Let's assume that we already have a mathematical function T(x, y) that returns the appropriate next state to transition to based on *x*, the current state, and *y*, the current input character.

Since there are only a handful of values that we actually care about^{1} in our state transition table; it is incredibly easy to create an approximation of T(x, y).

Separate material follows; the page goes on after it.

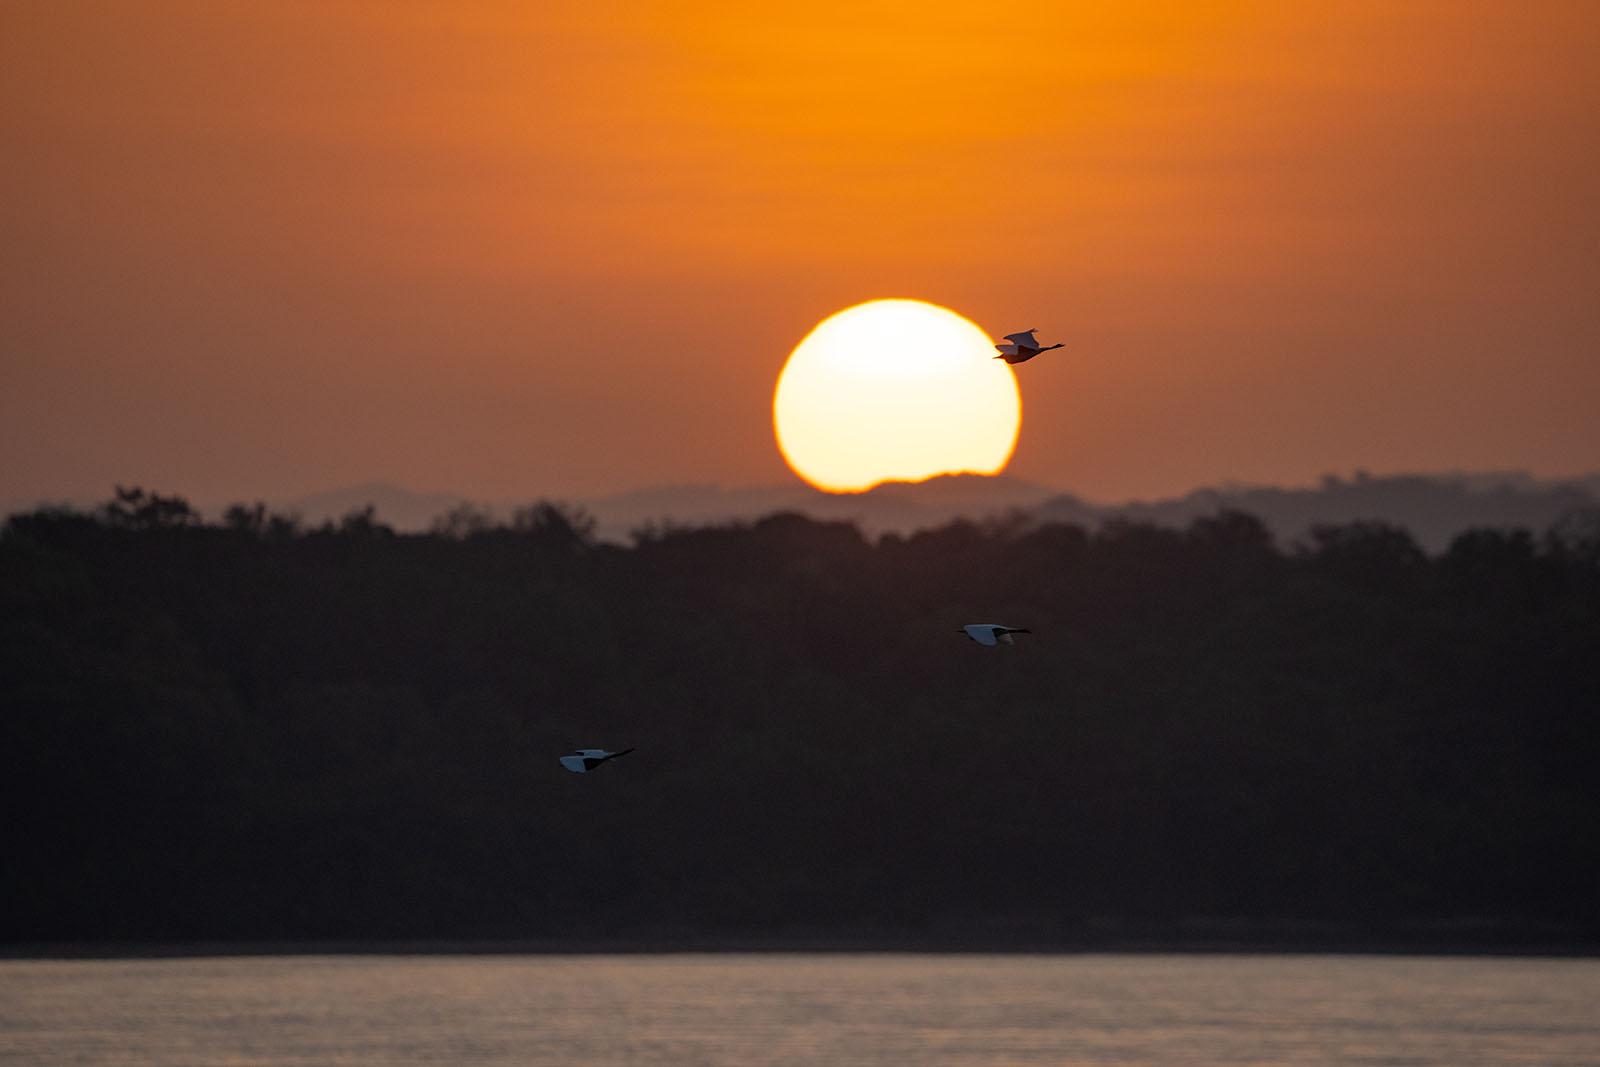 ave volando rio colombiano cavfish colombia

We have two inputs (x and y) and 5 defined entries in our look-up table. We can approximate T(x, y) by constructing a polynomial with 5 unknown coefficients, and plugging in the 5 defined values, and solving the resulting system of (5) simultaneous equations.

In order to construct a polynomial with 5 unknowns and 2 inputs, we can use the binomial expansion of `(x + y)^3`

with 4 unknown coefficients, and a trailing unknown constant. This gives us a polynomial that looks like this: `a x^3 + b x^2 y + c x y^2 + d y^3 + e`

. Then, we can just plug in values of x and y, and solve for a, b, c, d, and e.

To do this, I used SymPy.

```
from sympy import *
x, y = symbols('x y')
a, b, c, d, e = symbols('a:e')
T = lambda x, y: a * x**3 + b * x**2 * y + c * x * y**2 + d * y**3 + e
# lut[0]['a'] = 1
# lut[0]['b'] = 2
#
# lut[1]['c'] = 3
#
# lut[2]['z'] = 2
# lut[2]['c'] = 3
pretty_print(solve([
Eq(T(0, ord('a')), 1),
Eq(T(0, ord('b')), 2),
Eq(T(1, ord('c')), 3),
Eq(T(2, ord('z')), 2),
Eq(T(2, ord('c')), 3)
], [a, b, c, d, e]))
```

And we get the values of a, b, c, d, and e out of it:

```
⎧ 535028238 -534985412 3601586 -884154 ⎫
⎨a: ─────────, b: ───────────, c: ─────────, d: 1/28519, e: ────────⎬
⎩ 12462803 411272499 411272499 28519 ⎭
```

And as literal values:

```
>>> 535028238 / 12462803
42.93000844192113
>>> -534985412 / 411272499
-1.3008052162515247
>>> 3601586 / 411272499
0.008757176832288025
>>> 1 / 28519
3.506434306953259e-05
>>> -884154 / 28519
-31.00227918229952
```

Now, we can implement this approximator in our Kotlin program:

```
class StateMachine(val acceptState: Int, val coefficients: DoubleArray)
fun run(stateMachine: StateMachine, input: String): Boolean {
var state = 0
var currentStringIndex = 0
while (currentStringIndex in input.indices) {
val char = input[currentStringIndex++]
val x = state.toDouble()
val y = char.toDouble()
val n = stateMachine.coefficients.lastIndex
var total = stateMachine.coefficients.last()
for (index in 0 until n) {
val coefficient = stateMachine.coefficients[index]
total += coefficient * x.pow((n - index - 1).toDouble()) * y.pow(index.toDouble())
}
// We don't want to accept undefined values which get interpolated to something like 1.5
fun rejectThreshold(d: Double, threshold: Double) =
if (ceil(d) - d < threshold) ceil(d).toInt()
else if (d - floor(d) < threshold) floor(d).toInt()
else -1
state = rejectThreshold(total, 0.05)
}
return state == stateMachine.acceptState
}
val matchABCZ = StateMachine(3, doubleArrayOf(
42.93000844192113,
-1.3008052162515247,
0.008757176832288025,
3.506434306953259e-05,
-31.00227918229952
))
run(matchABCZ, "ac") // true
run(matchABCZ, "bzzzzzzzc") // true
run(matchABCZ, "az") // false
run(matchABCZ, "abc") // false
```

As you can see, the logic has now been completely transformed. Mapping a problem domain onto another always makes for a very effective obfuscation strategy, yet is often infeasible to implement in an automatic obfuscator.